GÜNCEL - 25-03-2024 14:29

31 ilimiz tek yürek oldu ve çağrı yaptı:  İsrail'le ticaret devam ediyorsa, bunun sorumlusu Ak Parti iktidarıdır..

Türkiye’nin 31 farklı şehrinde aynı anda Gazze’de soykırım yapan İsrail’le ticaretin kesilmesi için basın açıklaması gerçekleştirildi. Türkiye’nin dört bir yanına yayılan basın açıklamalarının ilki 10 Mart’ta gerçekleştirilmişti.

Basın açıklamasında Siyonist terör rejimi İsrail’le ticaretin, Filistin davasına ihanet anlamına geldiği ifade edildi ve hükümete çağrı yapıldı: “Bugüne kadar “Biz kazanırsak, Gazze sevinecek!” diye oy toplayanların, bugün “Ne yapalım, gücümüz yetmiyor!” diye yazıklanmalarını kabul etmiyoruz! Siyasi iktidarın en azından İsrail’e yardım ETMEMEYE gücünün yeteceği konusunda hiçbir şüphemiz yok. Siyasi iktidar, en azından Uluslararası Adalet Divanı’nın verdiği ara kararı gerekçe göstererek, İsrail’le Türkiye arasındaki ticareti bir an önce bitirmek zorundadır”

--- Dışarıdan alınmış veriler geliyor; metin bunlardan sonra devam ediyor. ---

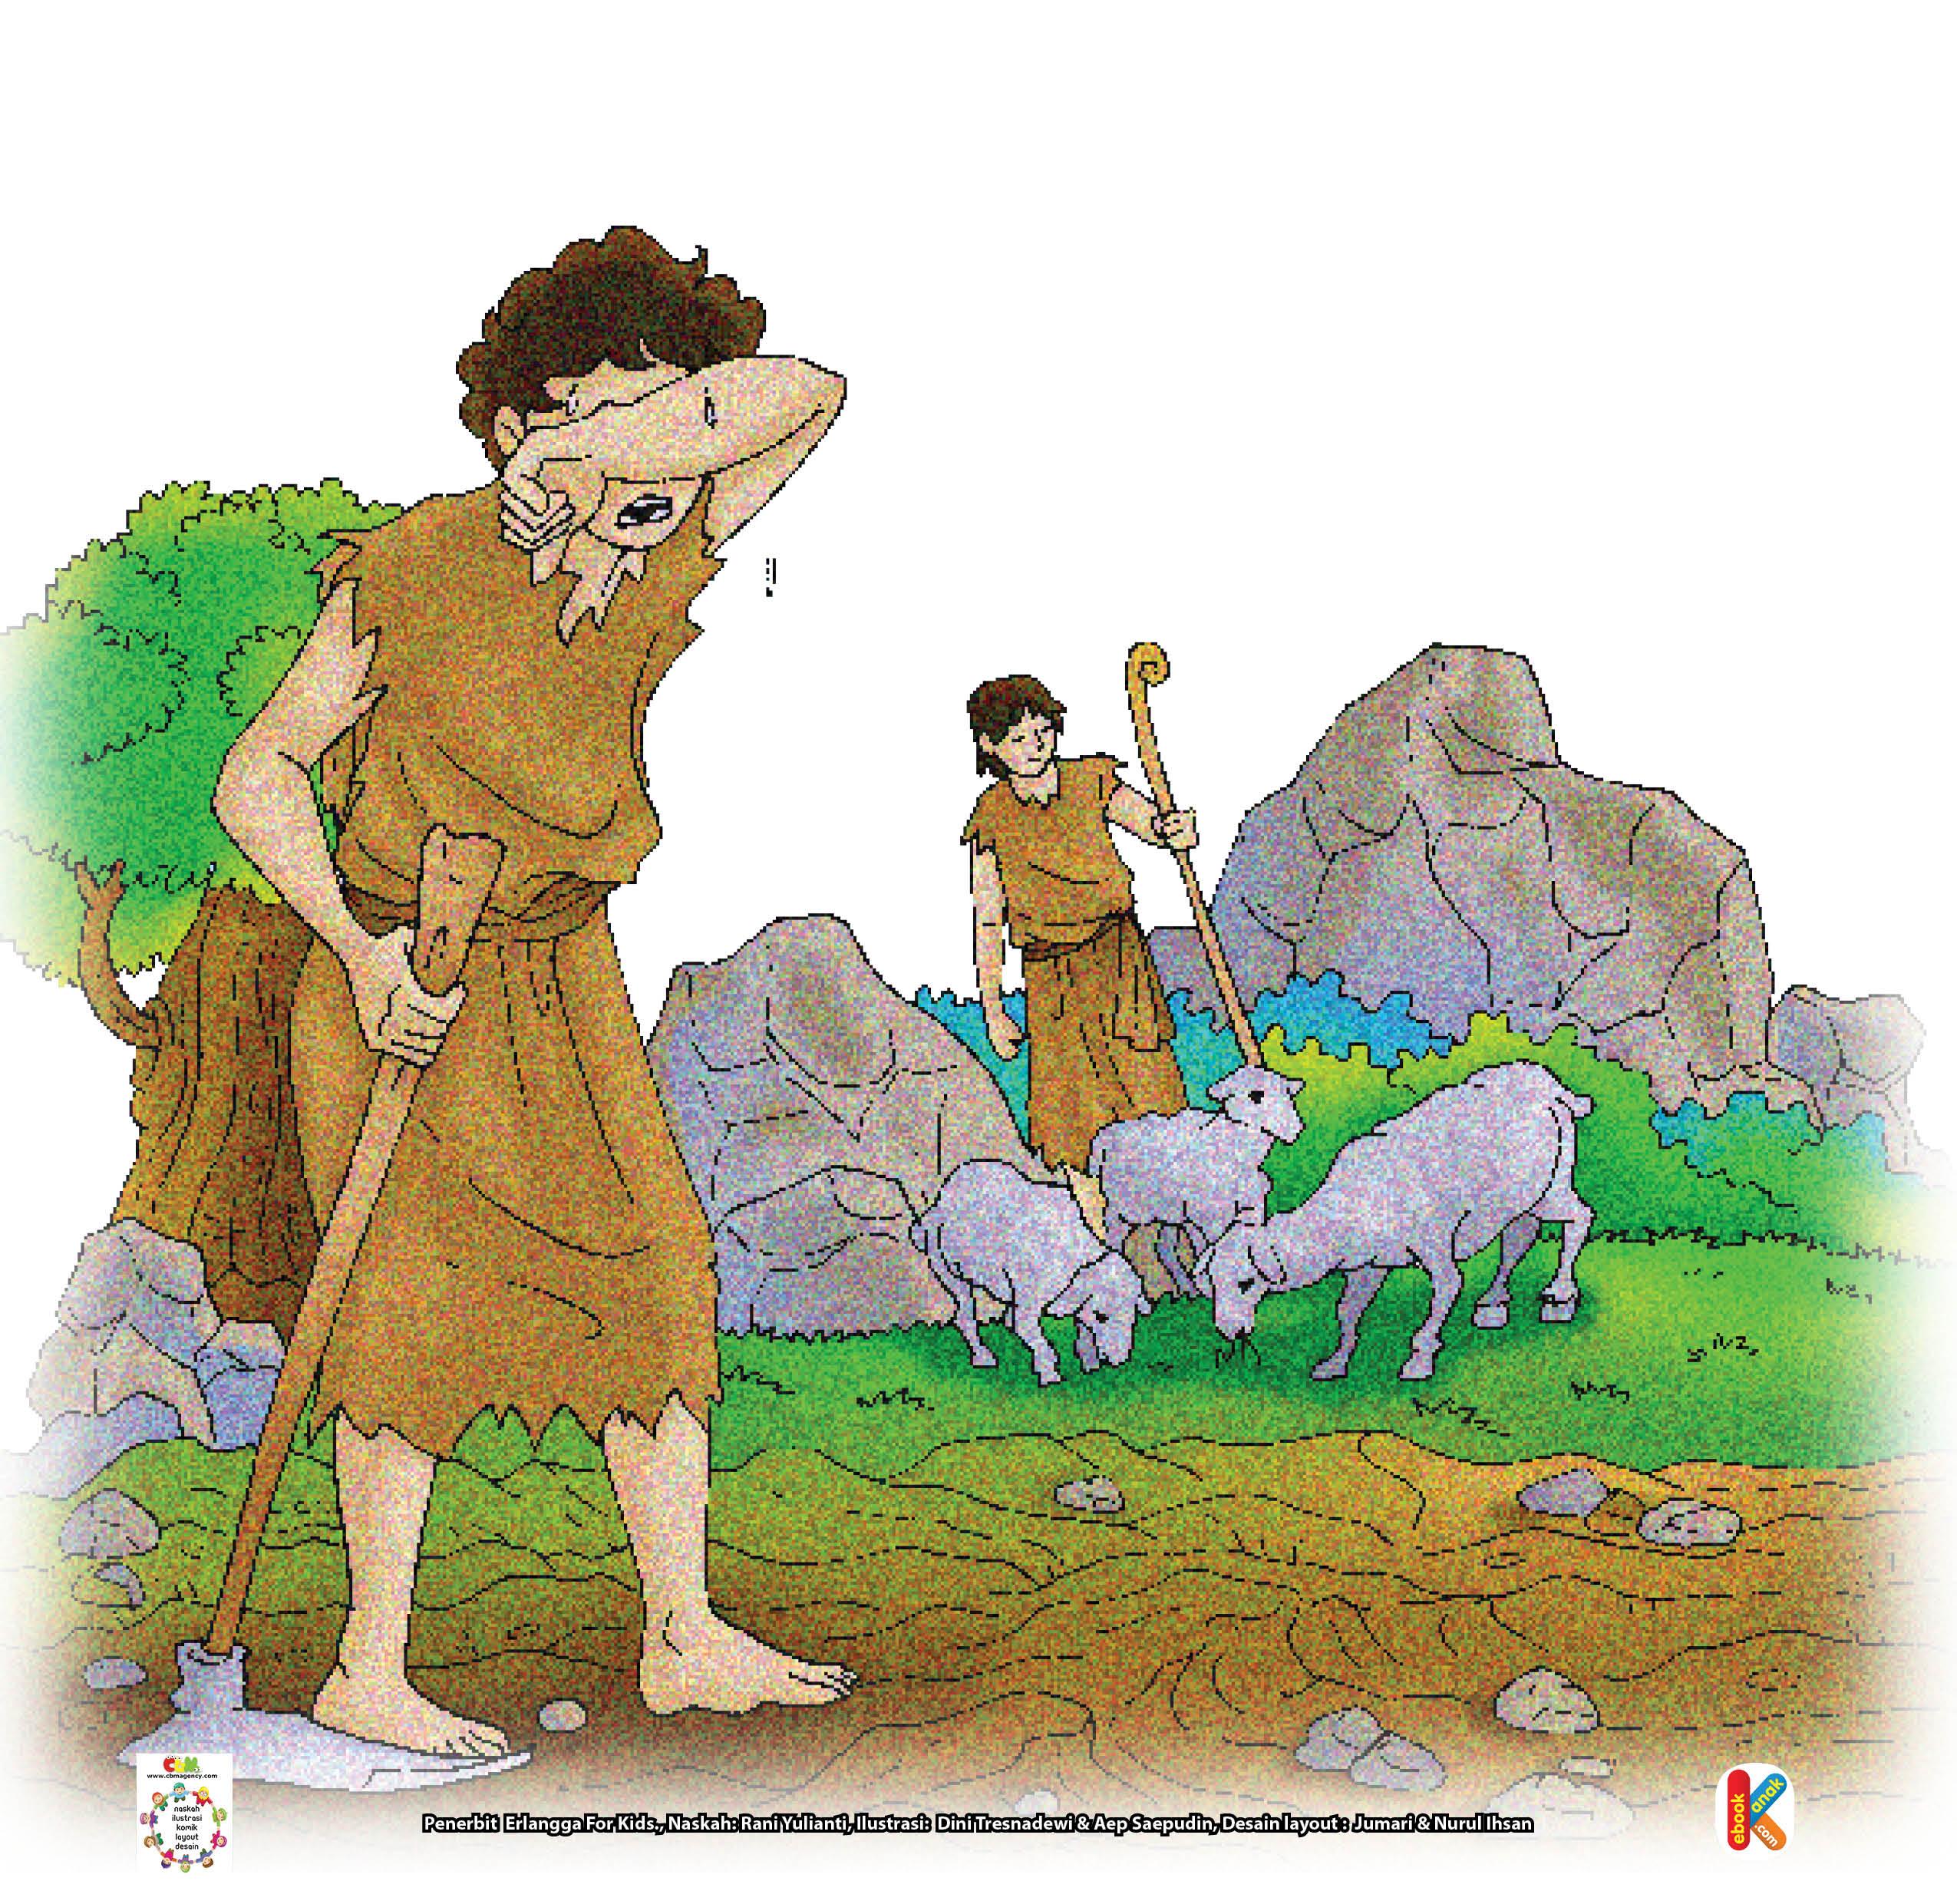 Nabi Adam diturunkan di India, sedangkan Hawa diturunkan di Arab.

Açıklamada şu ifadeler yer aldı:

“Bugün, Gazze halkı açlıkla mücadele ederken, işgal devletinin sebze ve meyve ihtiyacının %55’i Türkiye’den karşılanıyor. Gazze’de kuvözdeki bebekler elektrik yokluğundan hayatını kaybederken, Zorlu Holding İsrail’e elektrik satmaya devam ediyor. İşgal ordusunun uçakları Filistin halkının tepesine bombalar yağdırırken, İçdaş İsrail’in ihtiyaç duyduğu çeliği tedarik ediyor. Gazze işgalciler tarafından yerle yeksan edilmişken, Limak ve Akçansa işgalin çimento ihtiyacını karşılıyor. İsrail’in petrol ihtiyacının yüzde 60’ı Kazakistan ve Azerbaycan’dan sağlanıyor. Katil uçakların ve tankların depolarını dolduran bu petrol Bakü-Ceyhan-Tiflis boru hattı aracılığıyla Ceyhan’a taşınıyor. Ceyhan’dan da SOCAR tarafından İsrail’e naklediliyor.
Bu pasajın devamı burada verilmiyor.